Você fala em descaso das autoridades públicas. Você acha que esse descaso se deve a algum interesse específico? Sim. O nosso atual prefeito, Sebastião Melo, começou numa ala muito popular do MDB e depois foi guinando à direita conforme o calendário político, e as autoridades foram se aproximando dele em função da popularidade dele, porque ele é um cara muito popular. Ele surgiu na base do MDB.
Então, esse pessoal que apostou muito nesse desastre — por incrível que pareça, teve gente que apostou nisso aí —, esses que apostaram fazem parte do que a gente pode chamar das sete famílias mais poderosas de Porto Alegre e do Rio Grande do Sul. Eu citaria alguns nomes aí: Vidal, Vontobel, Zaffari, entre outros.
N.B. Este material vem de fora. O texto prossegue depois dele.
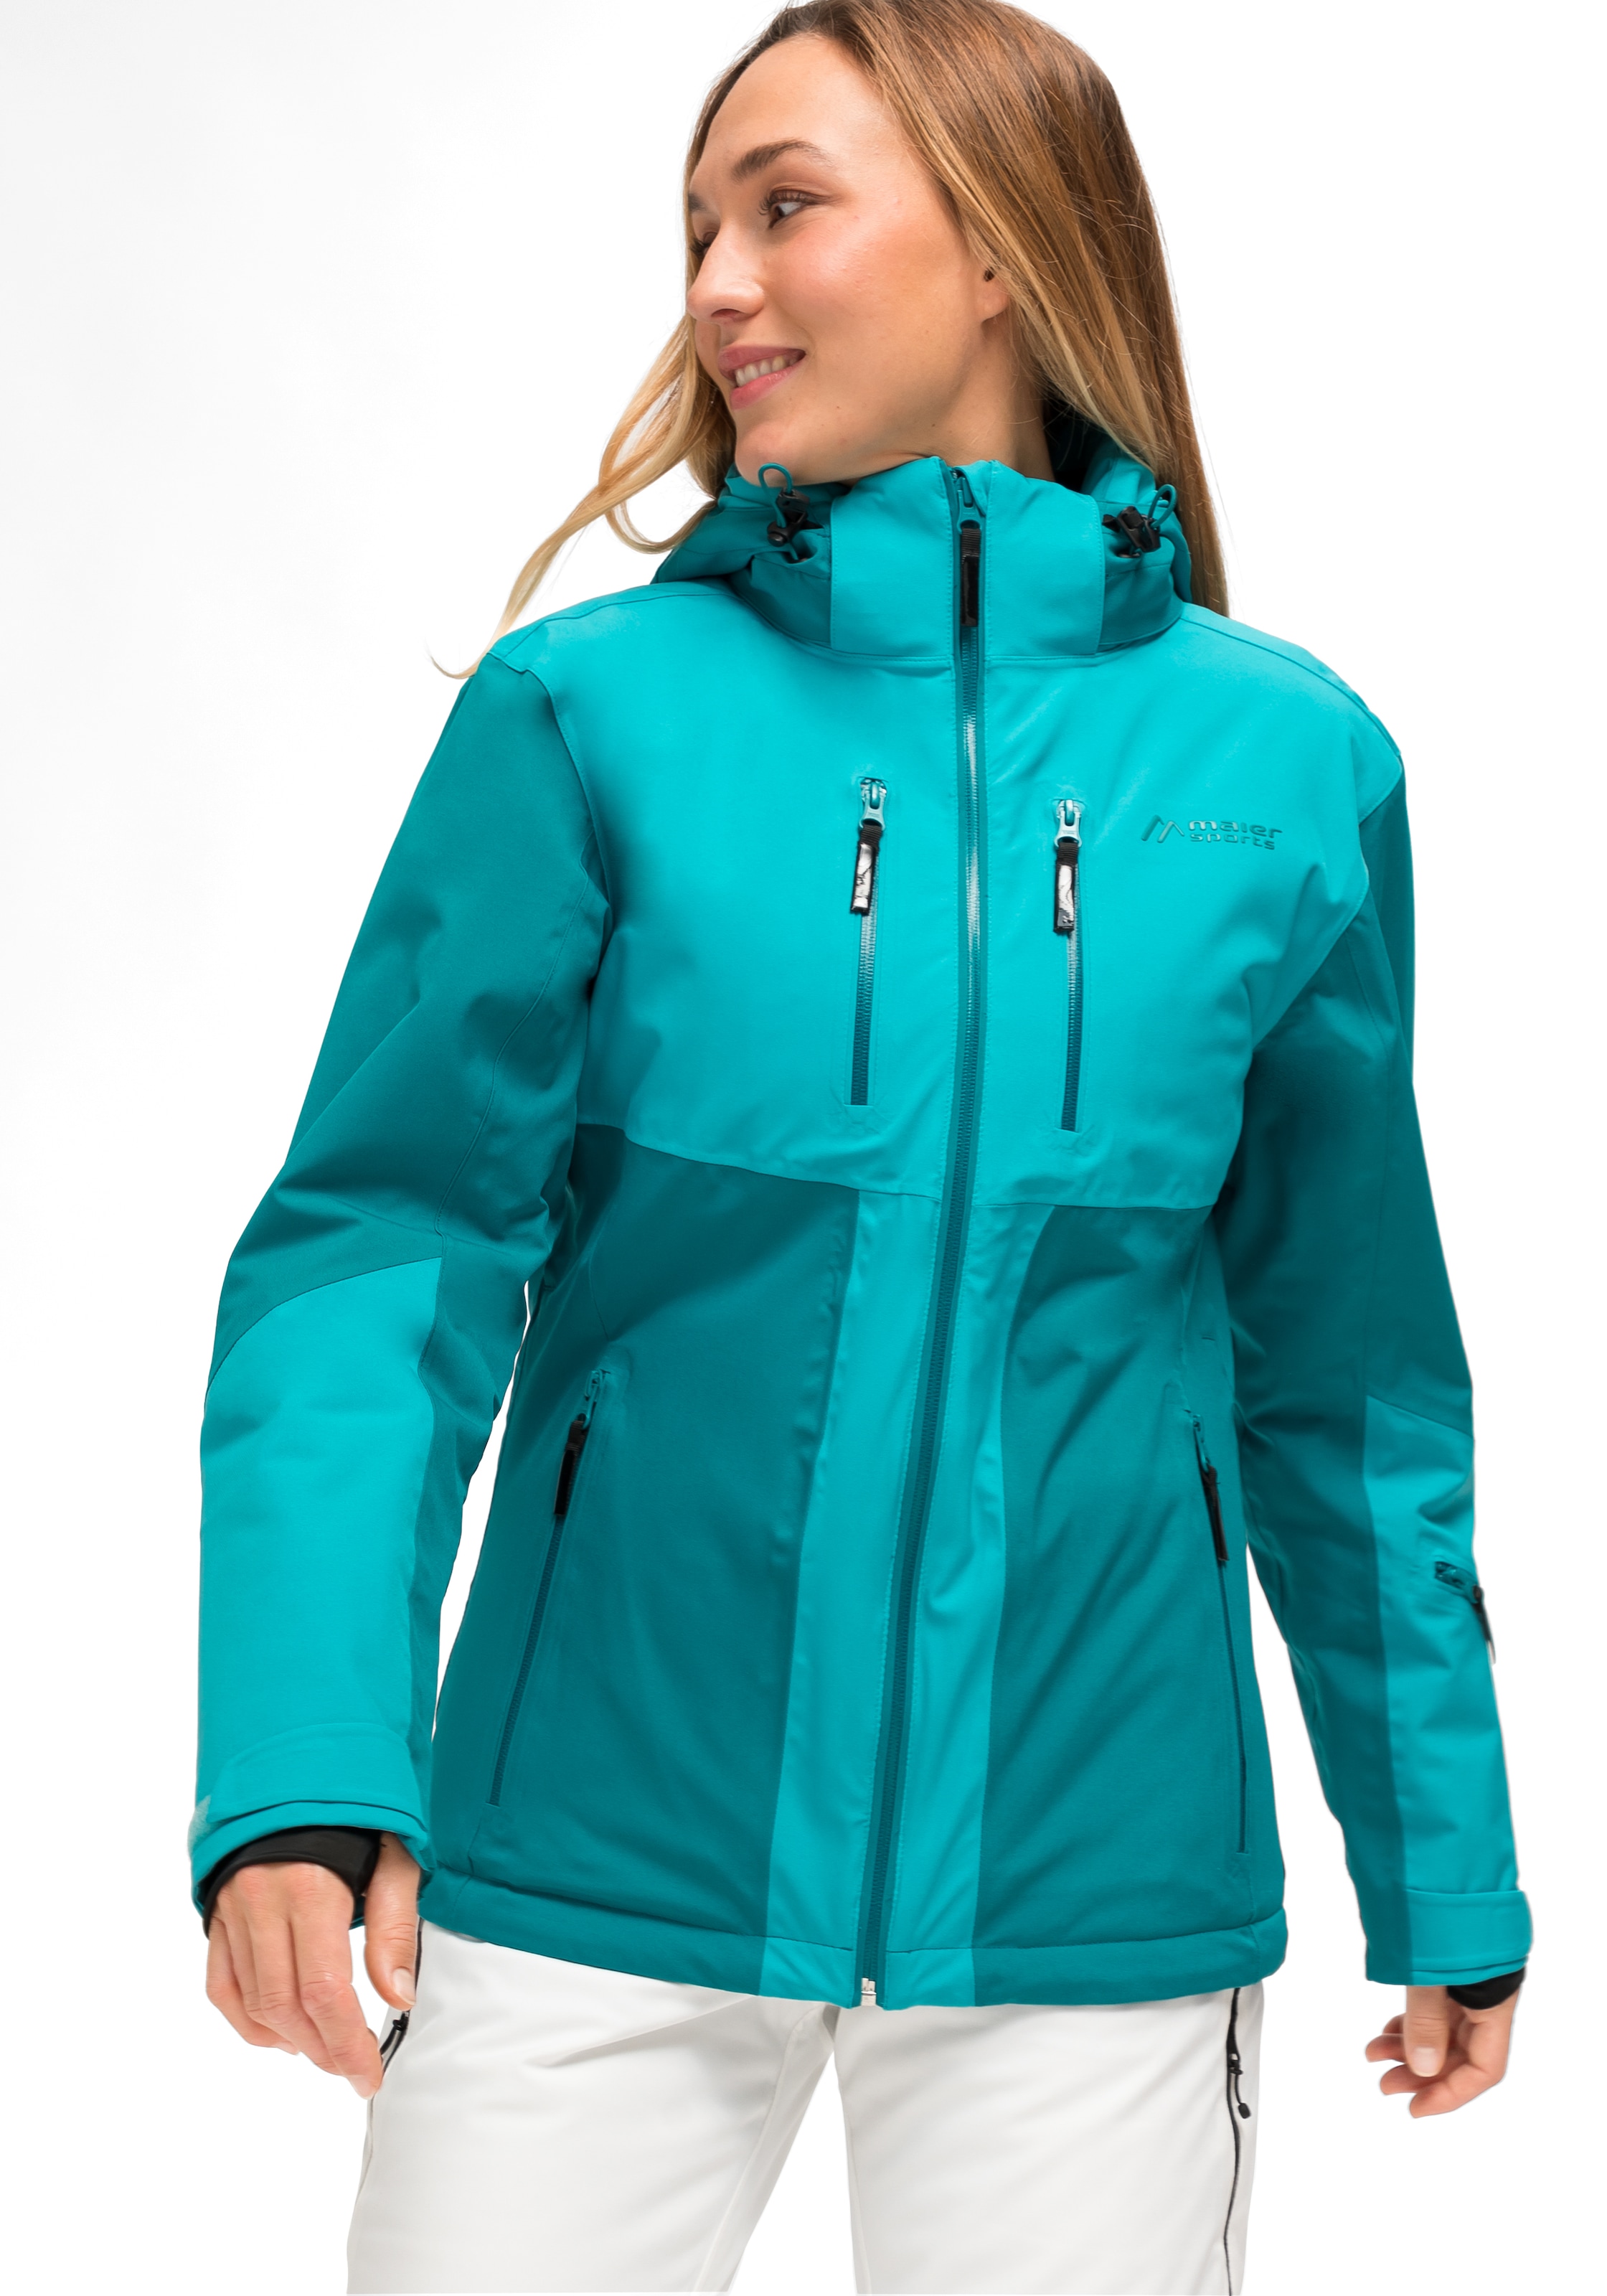 Maier Sports Skijacke »Pinilla«, atmungsaktive Damen Ski-Jacke, wasserdichte und winddichte Winterjacke

Esses aí se apropriaram da tragédia de 2024 e formaram uma série de pontos onde se recebia material para atender esse pessoal que foi afetado de maneira muito grave por esse episódio.
Um professor de sociologia chamado Marcelo Kunrath, se não me engano, fez uma pesquisa porque começou a perceber que esse pessoal que estava se mobilizando para buscar recursos era gente que só tinha carrão, sabe, muito bem vestido, todo mundo limpinho. E ele disse: ‘não, mas tem alguma coisa estranha aqui, vamos fazer uma pesquisa pra ver de onde é que está vindo essa gente, pra gente ter uma ideia de quem é que está se apropriando dessa tragédia pra tirar algum proveito político’. E ele foi estabelecendo as conexões, foi descobrindo as ligações que existiam entre esse pessoal ligado a essas famílias poderosas e quem organizava a recepção de recursos para atender as pessoas. A partir desse estudo, ele escreveu um texto que foi muito divulgado na época, que estabelecia justamente as conexões entre esses interesses políticos que agora são emergentes no Rio Grande do Sul, em Porto Alegre principalmente, e daí ele conseguiu estabelecer os vínculos que levaram esse pessoal a utilizar essa tragédia para se potencializarem do ponto de vista político e lançarem as suas pautas com o apoio da população.